-- Problem statement --
The whole listing, apart from its images, should be restated word for word.

-- The data --
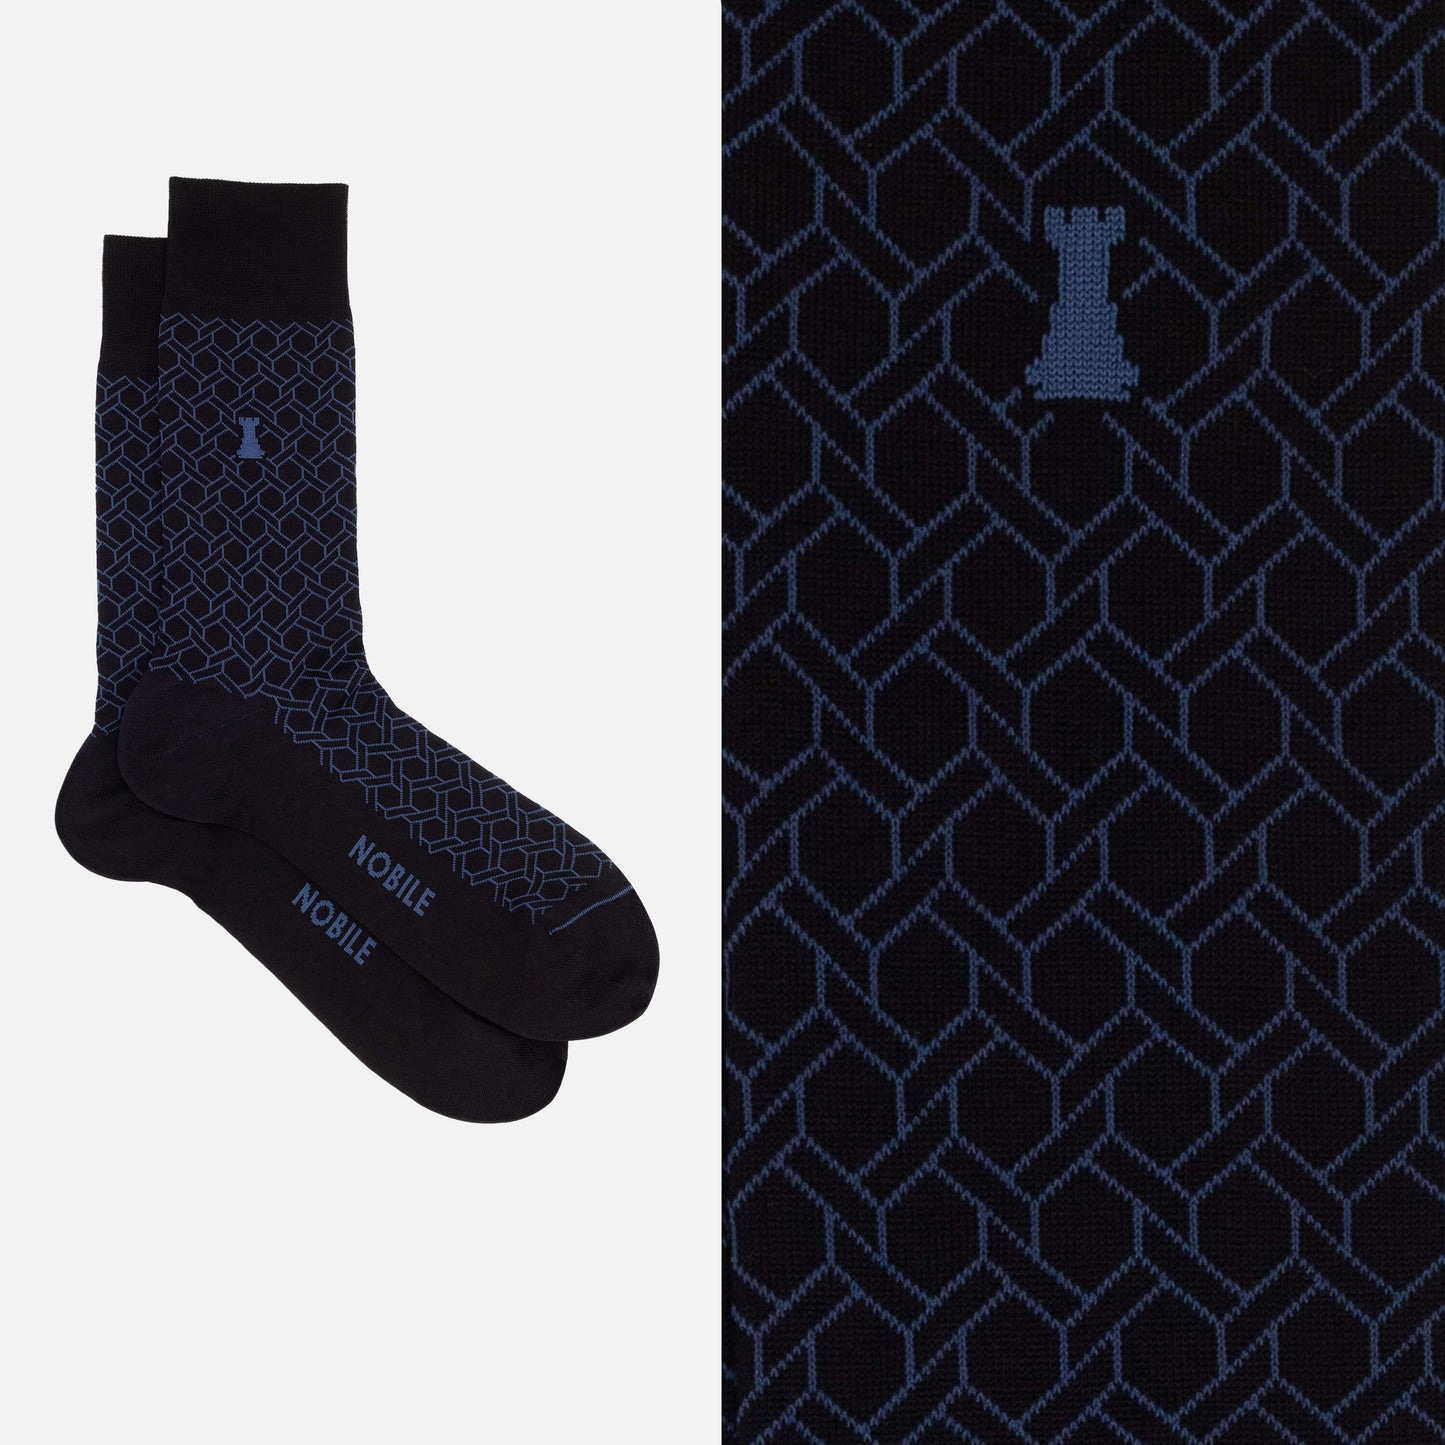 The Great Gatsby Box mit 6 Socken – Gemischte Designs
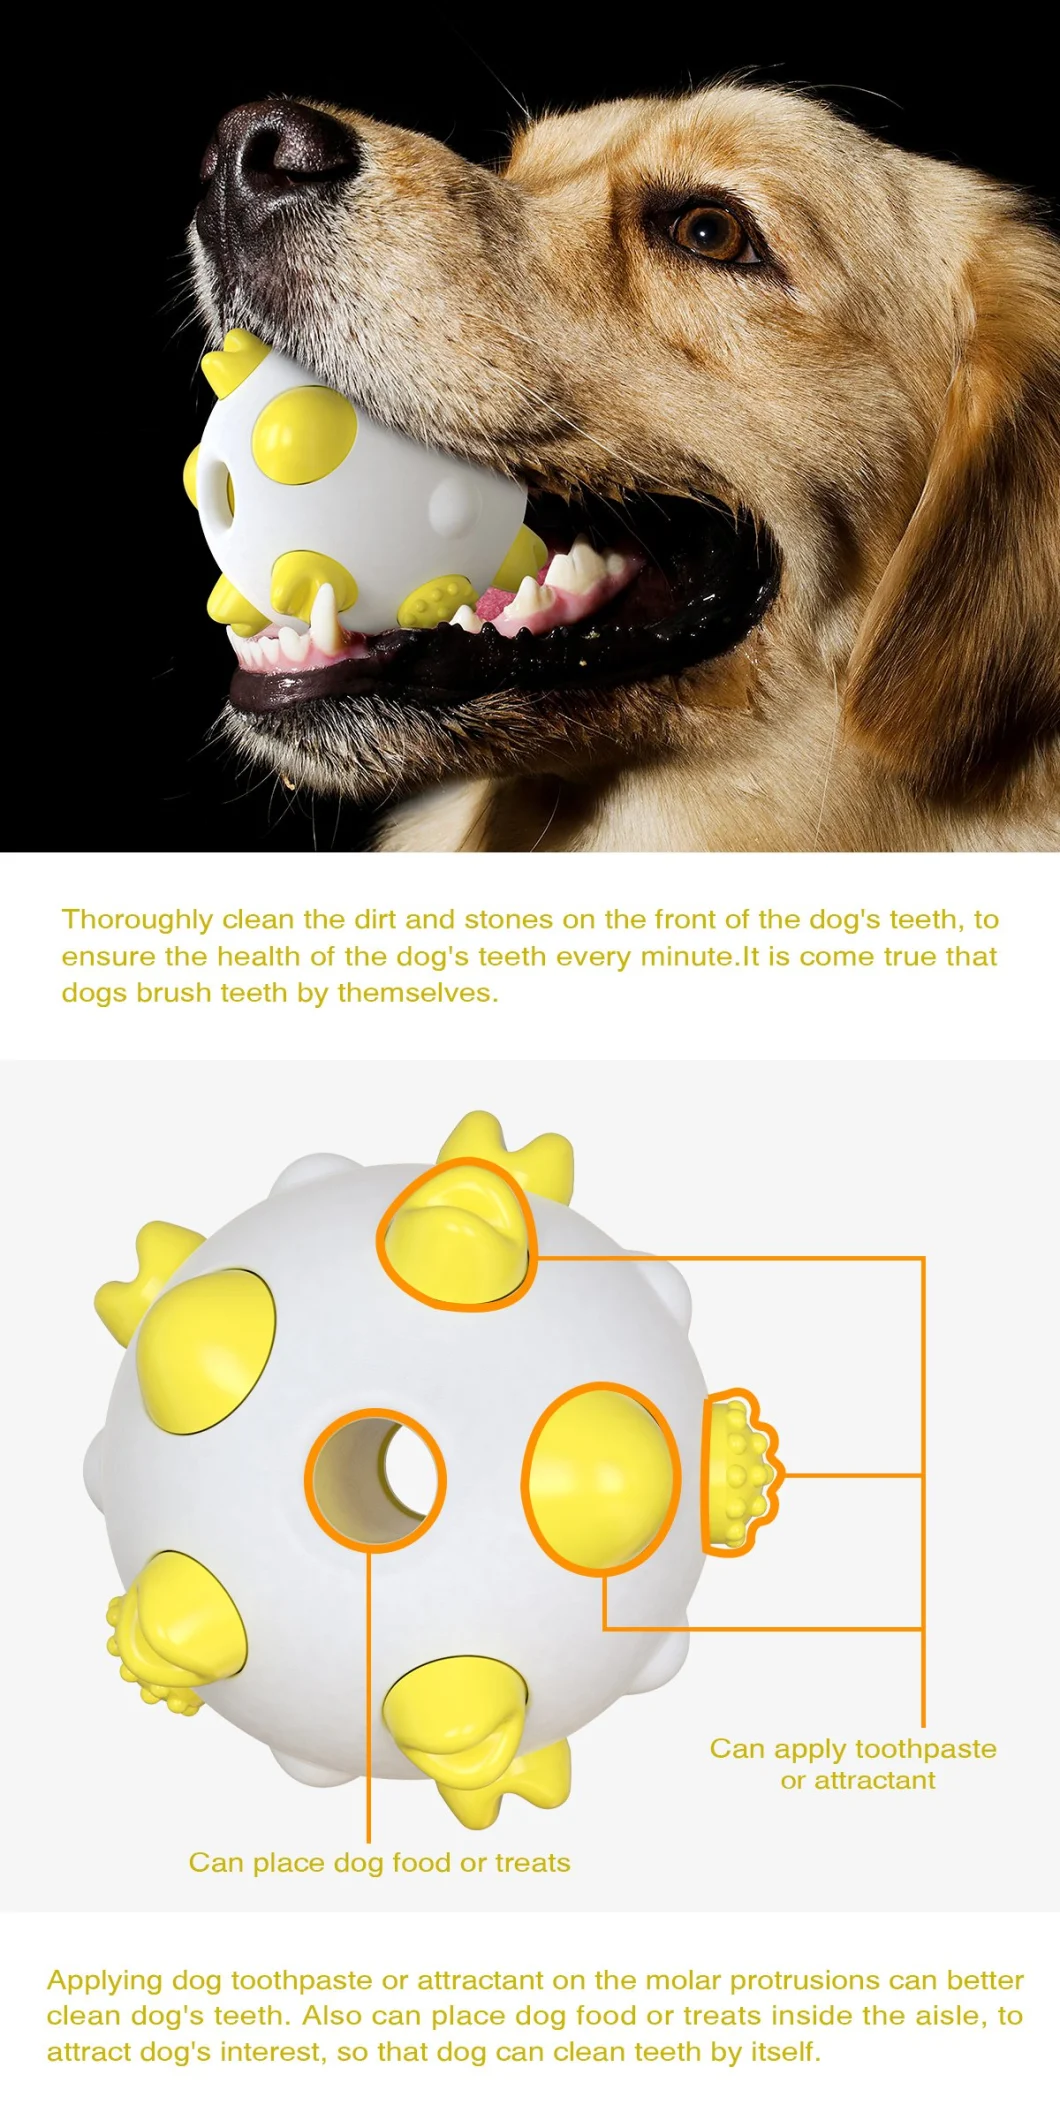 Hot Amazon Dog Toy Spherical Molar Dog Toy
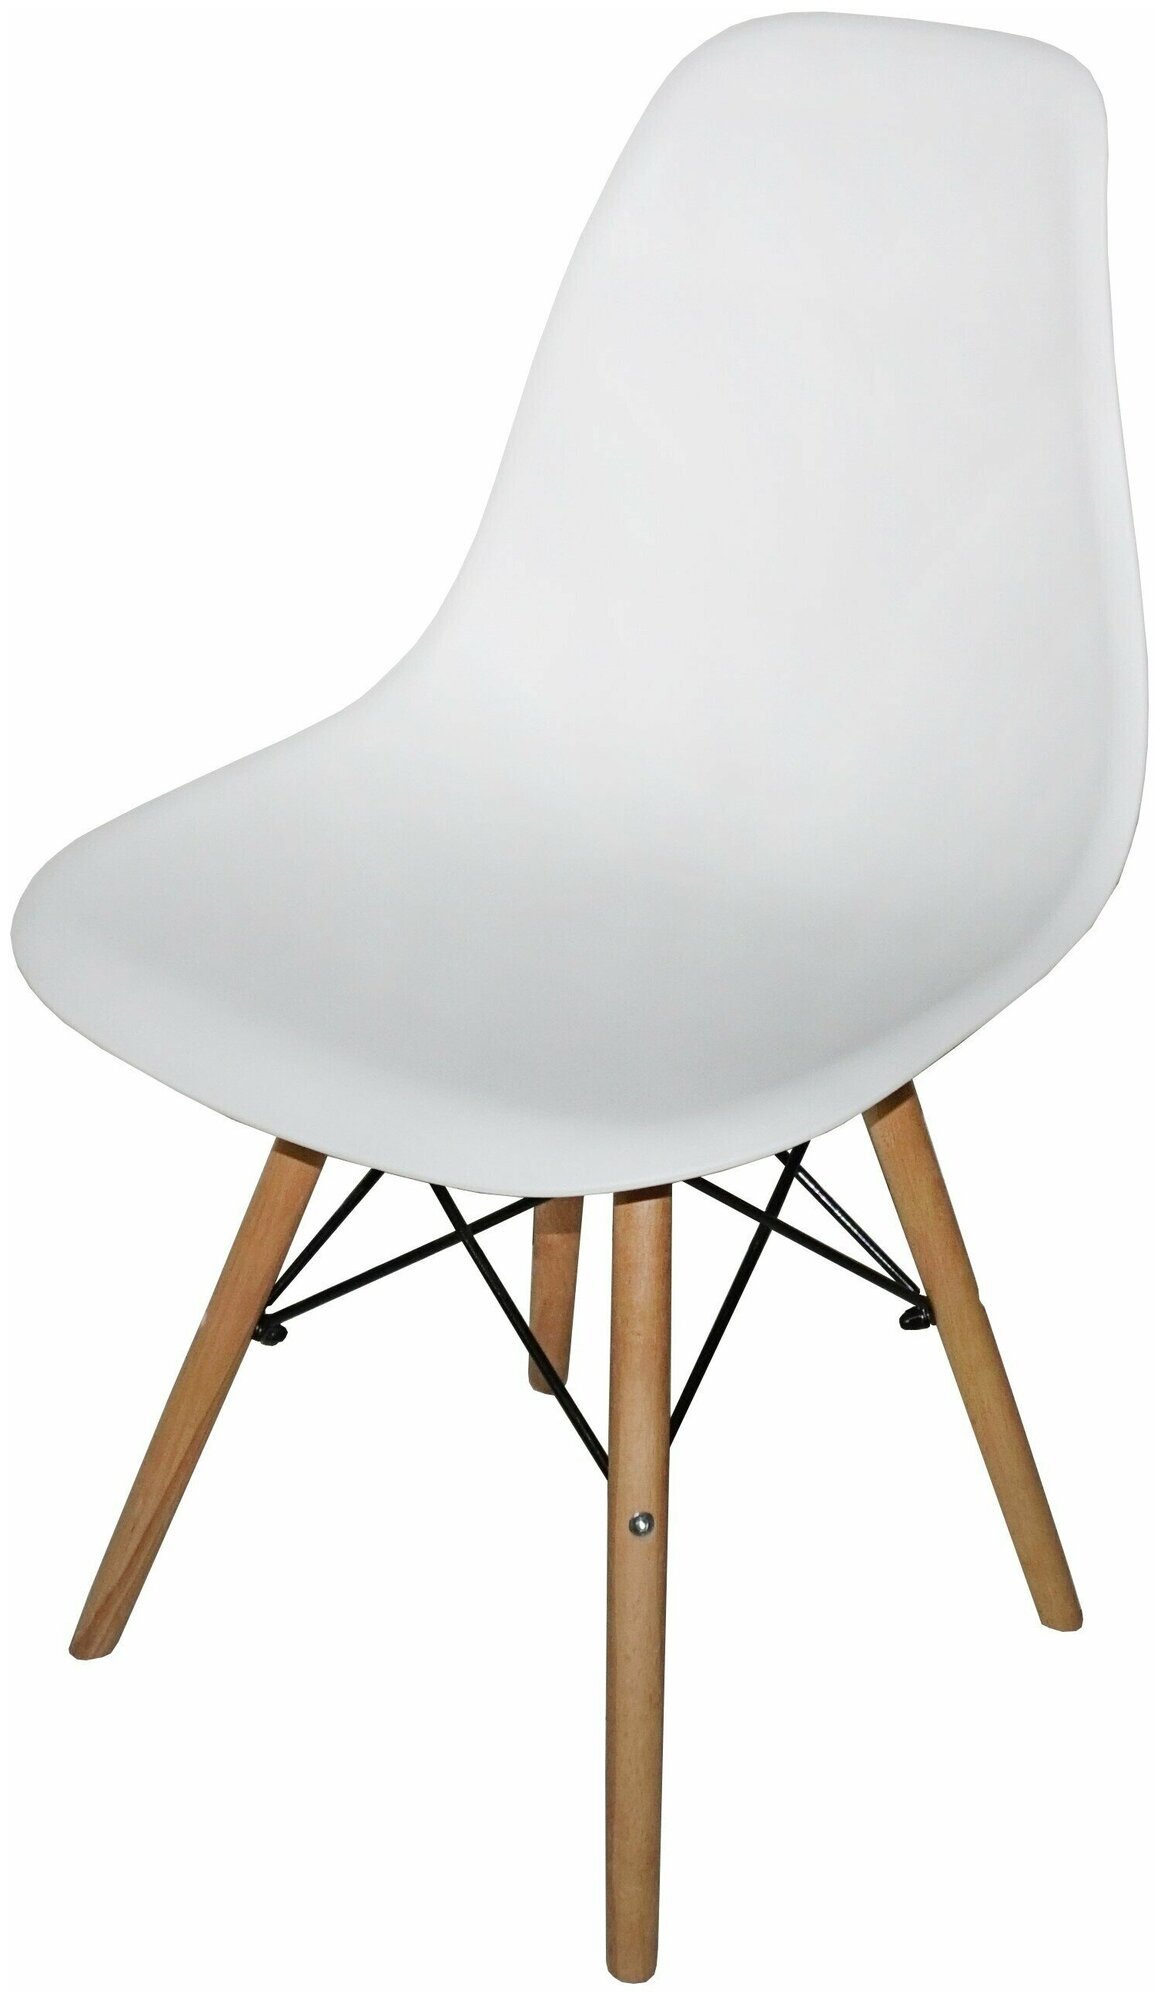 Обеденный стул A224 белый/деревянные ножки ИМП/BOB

-- The completed task --
 The Great Gatsby Box mit 6 Socken – Gemischte Designs
 Hot Amazon Dog Toy Spherical Molar Dog Toy
 Обеденный стул A224 белый/деревянные ножки ИМП/BOB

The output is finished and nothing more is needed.